Labour First
- Formation: 1980, refounded 1988
- Founder: John Spellar
- Legal status: Company limited by guarantee
- Purpose: Political
- Secretary: Luke Akehurst
- Website: labourfirst.org

= Labour First =

British political organisation

Labour First is a British political organisation associated with the Labour Party. It was originally founded in 1980 but refounded in 1988. Born out of the political right wing of the Labour Party's struggles with its left wing, it sees itself as protecting the tradition of the "old Labour right". It has been described externally as "the voice of the party’s traditional right" and "a group on the right of the party". It organises petitions, endorses likeminded candidates, and runs events.

==History==
The original Labour First formed in 1980 as a grouping of Members of Parliament (MPs) on the right of the Labour Party who, while politically aligned with fellow Labour right faction, The Manifesto Group, desired a more collegiate party and thought that the left-right factional battles of the 1970s and 1980s were damaging the party's electoral prospects. The group's chair was Brynmor John and its secretary was Edmund Marshall. By 1983, the grouping had effectively merged into the Labour Solidarity Campaign, the successor to The Manifesto Group.

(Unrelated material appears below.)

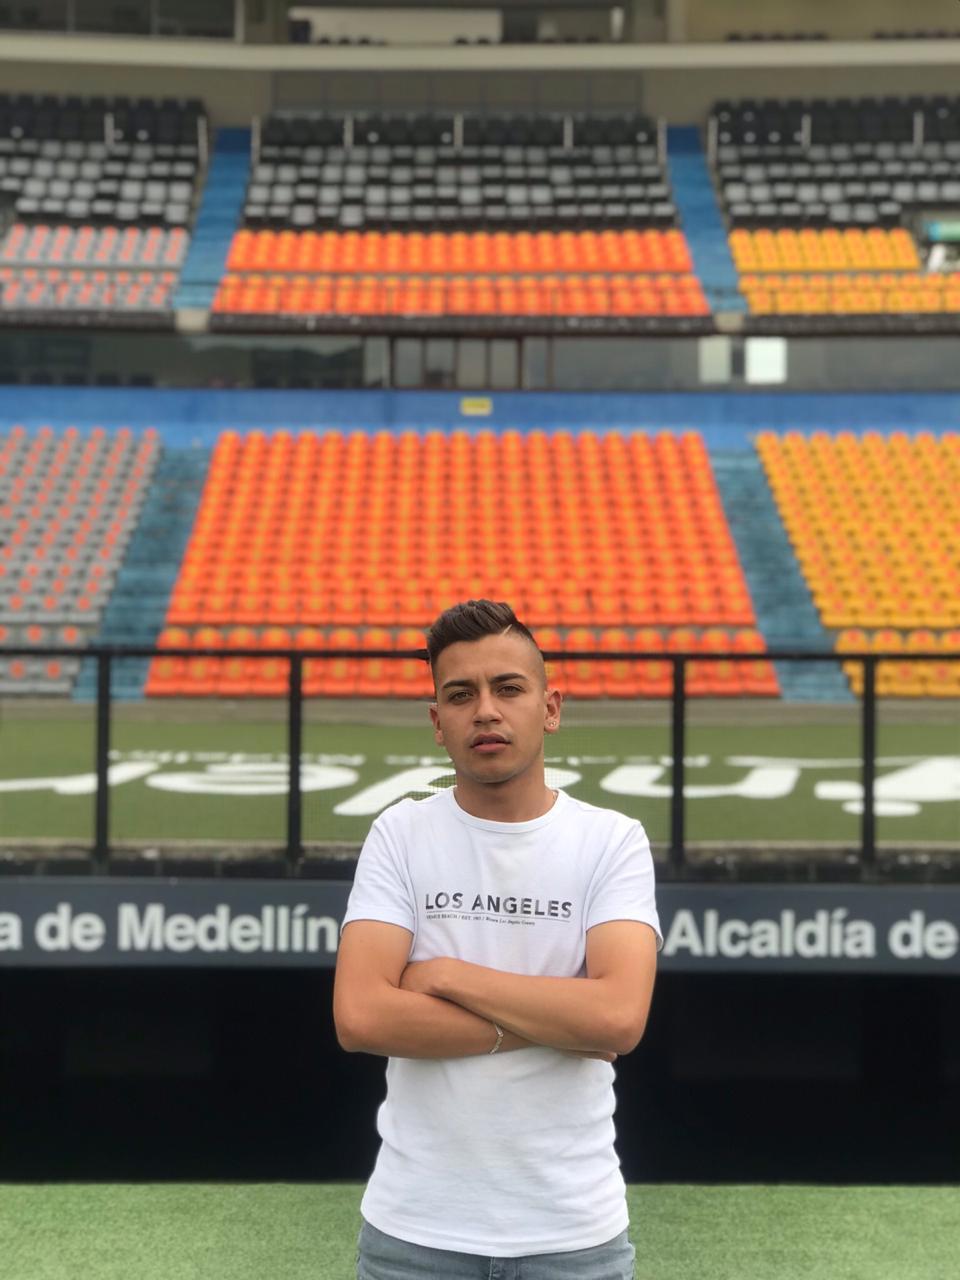 Juan Camilo Panneflek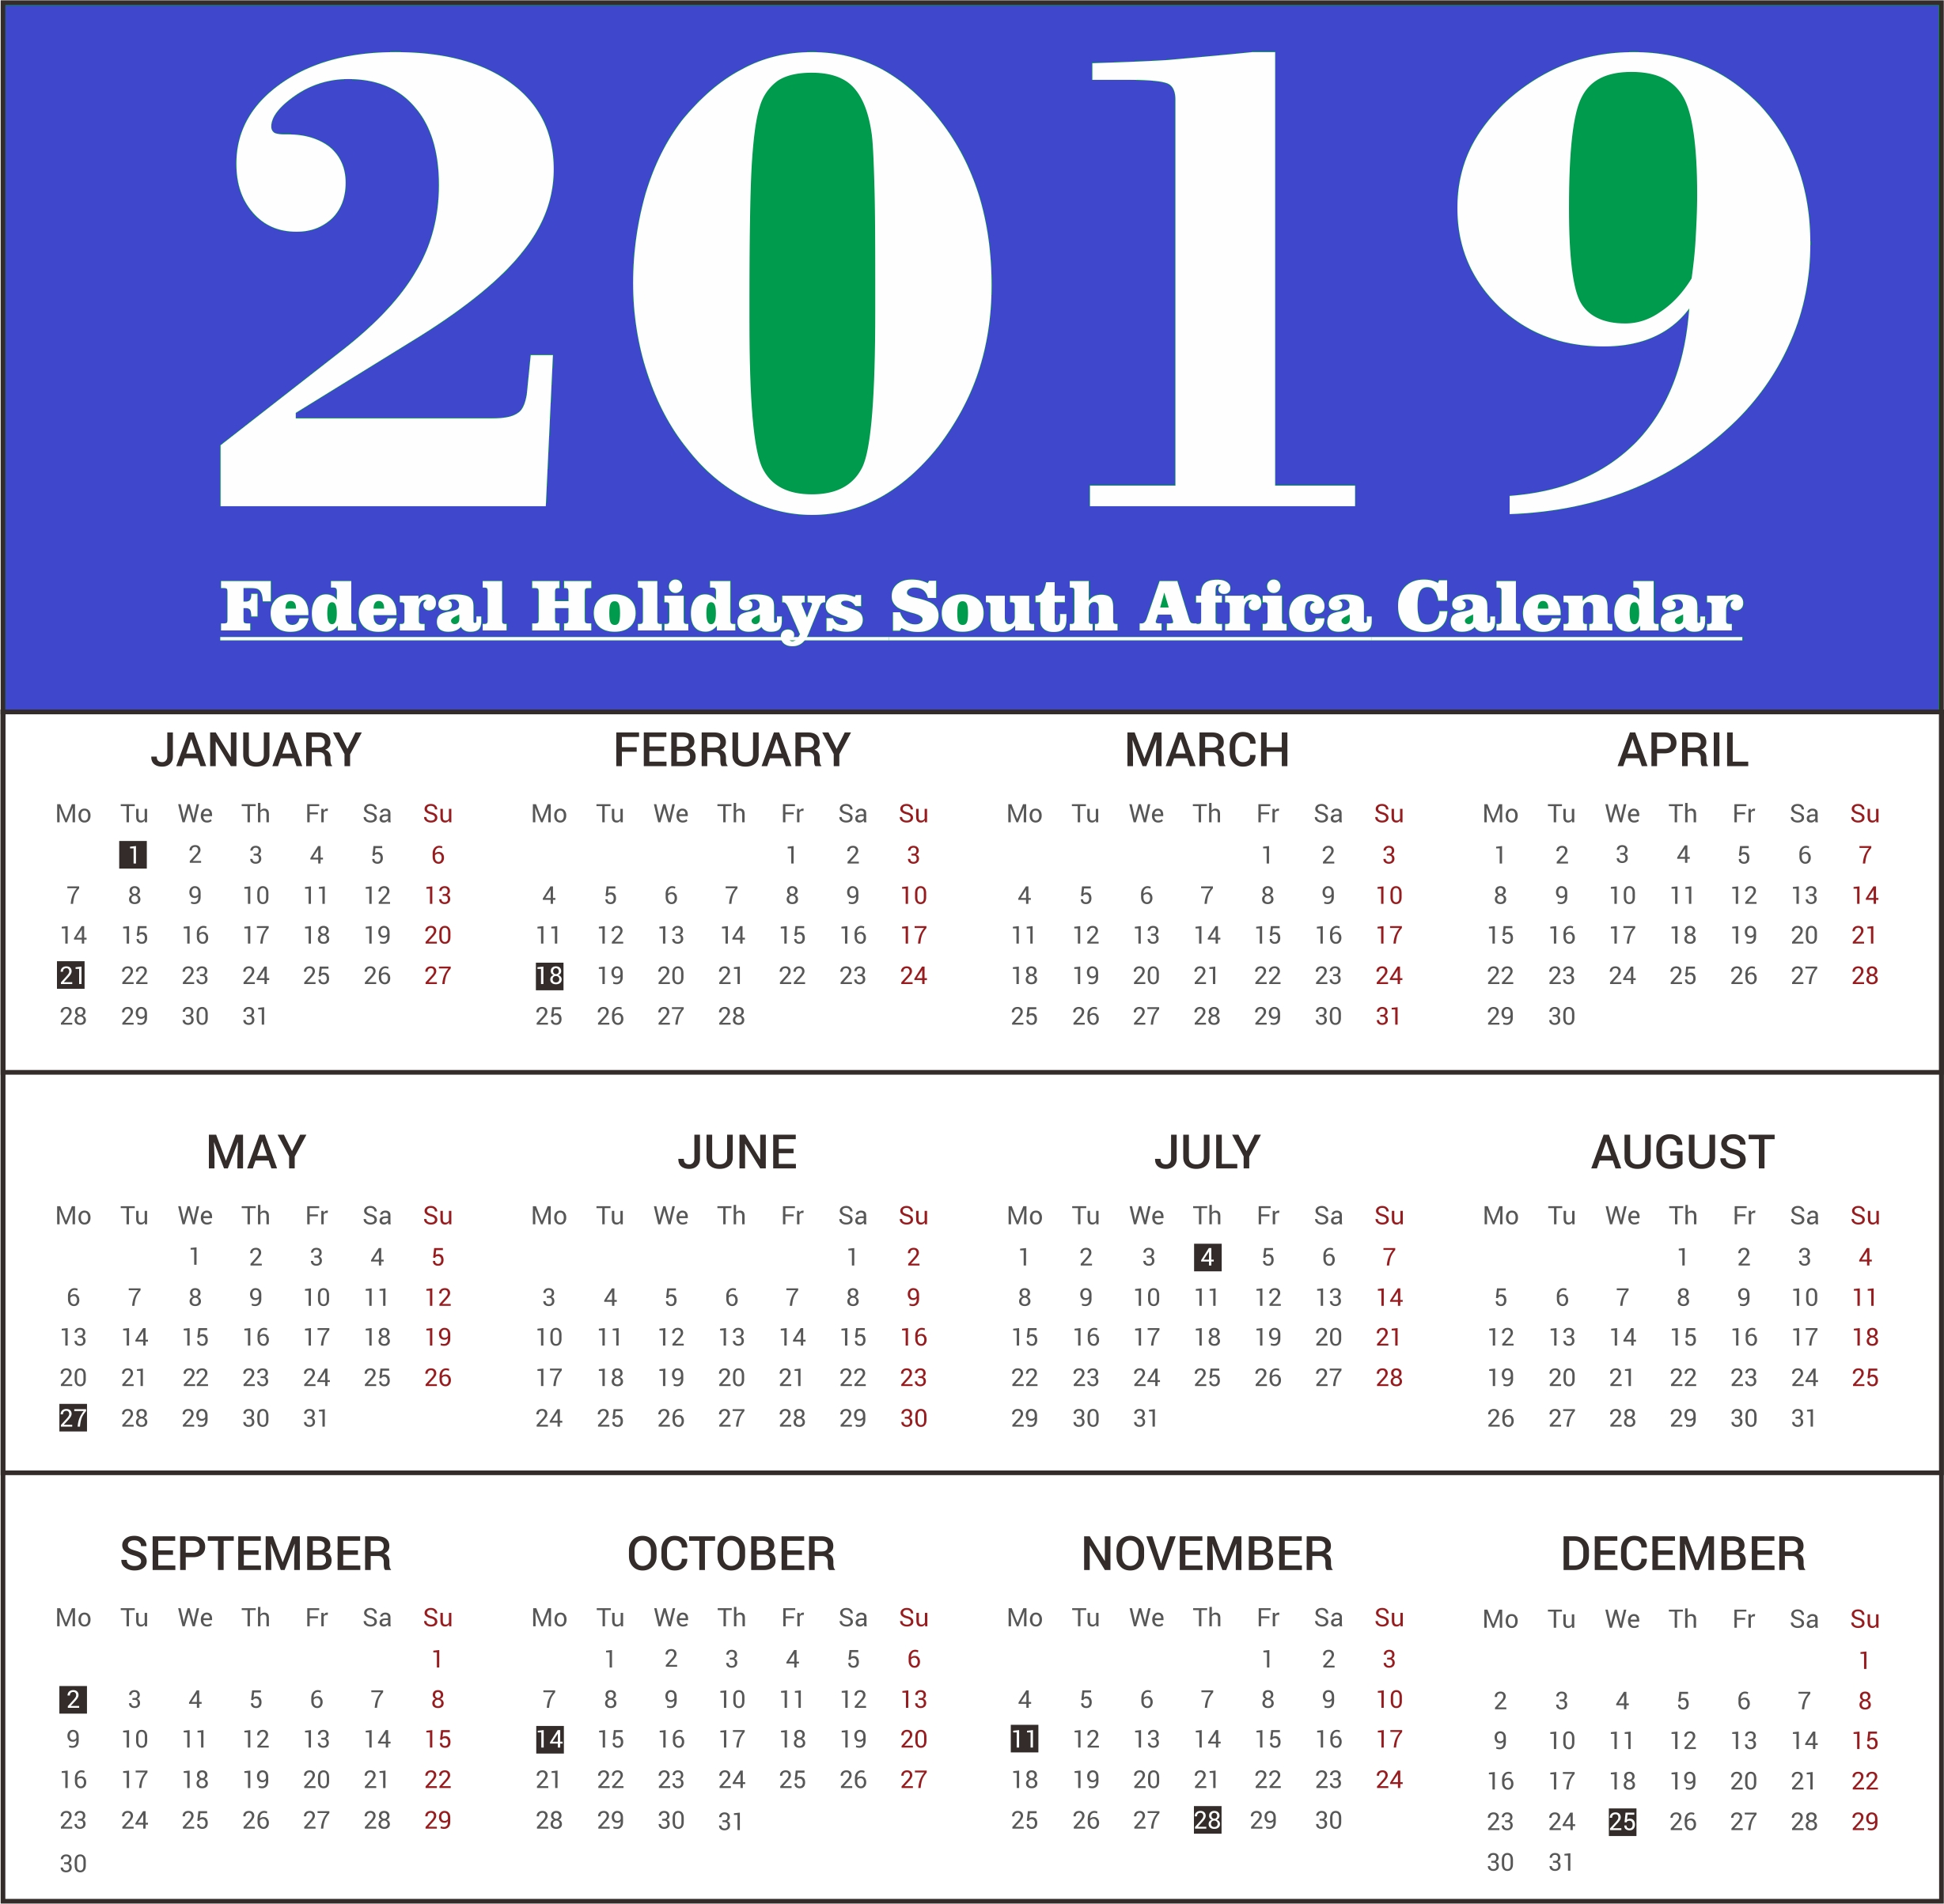 2019 South Africa Federal Holidays Calendar #southafrica #calendar Calendar Printing South Africa

In late 1987, the Labour Solidarity Campaign was in the process of winding itself up, believing that it had won its fight against the Labour left. A core of Labour Solidarity activists centred around John Spellar argued that there was a need to continue to organise. With Brynmor John's permission, they continued under the Labour First name, founding the current incarnation of Labour First.

==Aims and views==
Labour First aims to counter the left wing of the Labour Party, ensuring that what they define as "moderate" voices are heard, which they believe will ensure Labour remains as electable as possible in the Westminster system. It calls these aims "Clause One Socialism", after Clause One of the Labour Party constitution, which sets the Labour Party's aims as maintaining a Labour Party in the Parliament of the United Kingdom.

Labour First represents pro-NATO, pro-United States, pro-nuclear weapon, and pro-European Union (EU) stances in the party.

==Structure and activities==
Labour First is a network of freely associating Labour Party members who share their personal contact details with the organisation. It maintains a network of volunteer local organisers. In 2016, the Birmingham Mail identified MPs John Spellar, Tom Watson, and Ian Austin as having links with Labour First, and reported it as describing itself as "a network of Labour moderates fighting against Momentum and other Hard Left groups to keep Labour as a broad-based and electable party". MP Khalid Mahmood has also attended Labour First events.

Its secretary is Luke Akehurst, the Labour MP for North Durham, and its chair is Keith Dibble, a Labour councillor and cabinet member on Rushmoor Council in Hampshire. In 2017, Labour First employed its first full-time national organiser. In 2019, a digital organiser was also employed. It organises petitions, endorses "moderate" candidates in Labour Party elections, and runs a series of meet-ups and events both at Labour Party conference and in the country at large.

=== Labour First Parliamentary Network ===
The Labour First Parliamentary Network is a parliamentary caucus open to Labour MPs who share the politics of Labour First. It was founded after the 2024 general election by Luke Akehurst and its convener Gurinder Singh Josan as a competitor to the left-wing Socialist Campaign Group. In a joint statement, Akehurst, Josan, John Spellar and Ruth Smeeth invited Labour MPs to join the group, stating that it took several years of "hard graft" to win the party back from those on the left, who they warned were "still waiting in the wings to take advantage of any discord within the party". The group has been described as "pro-Starmer" and is led by Josan, Akehurst, Smeeth and Spellar, with over 50 members as of February 2025.

==Links with Progress==
Historically, Labour First had little connection with Progress (since 2021 Progressive Britain), a more recent Labour party factional organisation on the right of the Labour party, originally associated with New Labour. The rise of Jeremy Corbyn and Momentum in the Labour Party saw Progress and Labour First, while remaining distinct organisations with different traditions, carry out more joint activities, including joint endorsement of candidates in internal party elections. During the 2020 Labour Party leadership election, Labour First formed a joint venture with Progress called Reclaiming Labour, holding meetings around the country analysing why Labour lost heavily in the 2019 United Kingdom general election.

In April 2020, immediately on the election of Keir Starmer as party leader, Labour First and Progress launched jointly a new umbrella organisation called Labour to Win, with goals including "to bring about fundamental change in the party's culture and organisation". Labour to Win endorsed candidates in the 2020 Labour National Executive Committee (NEC) elections; owing to the newly adopted single transferable vote nature of the elections and in the spirit of electing a pluralistic NEC, the organisation chose only to endorse six of its own candidates and also to endorse three candidates politically more to the left than Labour to Win but who had a commitment to broad church Labour politics.